[[ EXERCISE DATA open ]]

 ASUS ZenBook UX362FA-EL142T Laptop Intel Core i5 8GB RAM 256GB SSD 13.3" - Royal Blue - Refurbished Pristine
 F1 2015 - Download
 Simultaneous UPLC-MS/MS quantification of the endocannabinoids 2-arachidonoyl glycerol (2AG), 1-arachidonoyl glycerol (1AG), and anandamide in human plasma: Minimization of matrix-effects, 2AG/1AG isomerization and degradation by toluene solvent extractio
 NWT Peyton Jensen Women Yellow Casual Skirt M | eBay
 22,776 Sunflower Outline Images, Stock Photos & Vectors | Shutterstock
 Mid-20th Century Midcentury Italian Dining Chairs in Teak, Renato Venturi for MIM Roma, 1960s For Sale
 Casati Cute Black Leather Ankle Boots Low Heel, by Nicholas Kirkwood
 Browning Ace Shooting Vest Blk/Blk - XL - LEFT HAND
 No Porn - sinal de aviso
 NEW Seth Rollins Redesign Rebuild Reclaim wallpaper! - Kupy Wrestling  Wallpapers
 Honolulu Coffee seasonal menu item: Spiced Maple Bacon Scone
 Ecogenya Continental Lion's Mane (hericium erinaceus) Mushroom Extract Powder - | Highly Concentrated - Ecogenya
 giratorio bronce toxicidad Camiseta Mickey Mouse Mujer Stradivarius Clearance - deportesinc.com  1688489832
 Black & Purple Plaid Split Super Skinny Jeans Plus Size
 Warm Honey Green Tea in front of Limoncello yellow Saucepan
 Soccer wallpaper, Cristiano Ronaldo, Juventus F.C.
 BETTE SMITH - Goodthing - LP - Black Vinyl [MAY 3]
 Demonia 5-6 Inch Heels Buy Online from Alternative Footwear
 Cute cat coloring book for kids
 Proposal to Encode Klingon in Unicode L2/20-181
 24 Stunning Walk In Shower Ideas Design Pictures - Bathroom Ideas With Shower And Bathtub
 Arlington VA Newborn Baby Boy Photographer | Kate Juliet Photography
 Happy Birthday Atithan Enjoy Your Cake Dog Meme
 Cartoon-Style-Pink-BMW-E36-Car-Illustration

[[ EXERCISE DATA closed ]]

- [WORK INSTRUCTION]:
Reproduce exactly the lines from the beginning of the entries above up to and including the line that contains "NEW Seth Rollins".

- [RESPONSE TO THE TASK]:
 ASUS ZenBook UX362FA-EL142T Laptop Intel Core i5 8GB RAM 256GB SSD 13.3" - Royal Blue - Refurbished Pristine
 F1 2015 - Download
 Simultaneous UPLC-MS/MS quantification of the endocannabinoids 2-arachidonoyl glycerol (2AG), 1-arachidonoyl glycerol (1AG), and anandamide in human plasma: Minimization of matrix-effects, 2AG/1AG isomerization and degradation by toluene solvent extractio
 NWT Peyton Jensen Women Yellow Casual Skirt M | eBay
 22,776 Sunflower Outline Images, Stock Photos & Vectors | Shutterstock
 Mid-20th Century Midcentury Italian Dining Chairs in Teak, Renato Venturi for MIM Roma, 1960s For Sale
 Casati Cute Black Leather Ankle Boots Low Heel, by Nicholas Kirkwood
 Browning Ace Shooting Vest Blk/Blk - XL - LEFT HAND
 No Porn - sinal de aviso
 NEW Seth Rollins Redesign Rebuild Reclaim wallpaper! - Kupy Wrestling  Wallpapers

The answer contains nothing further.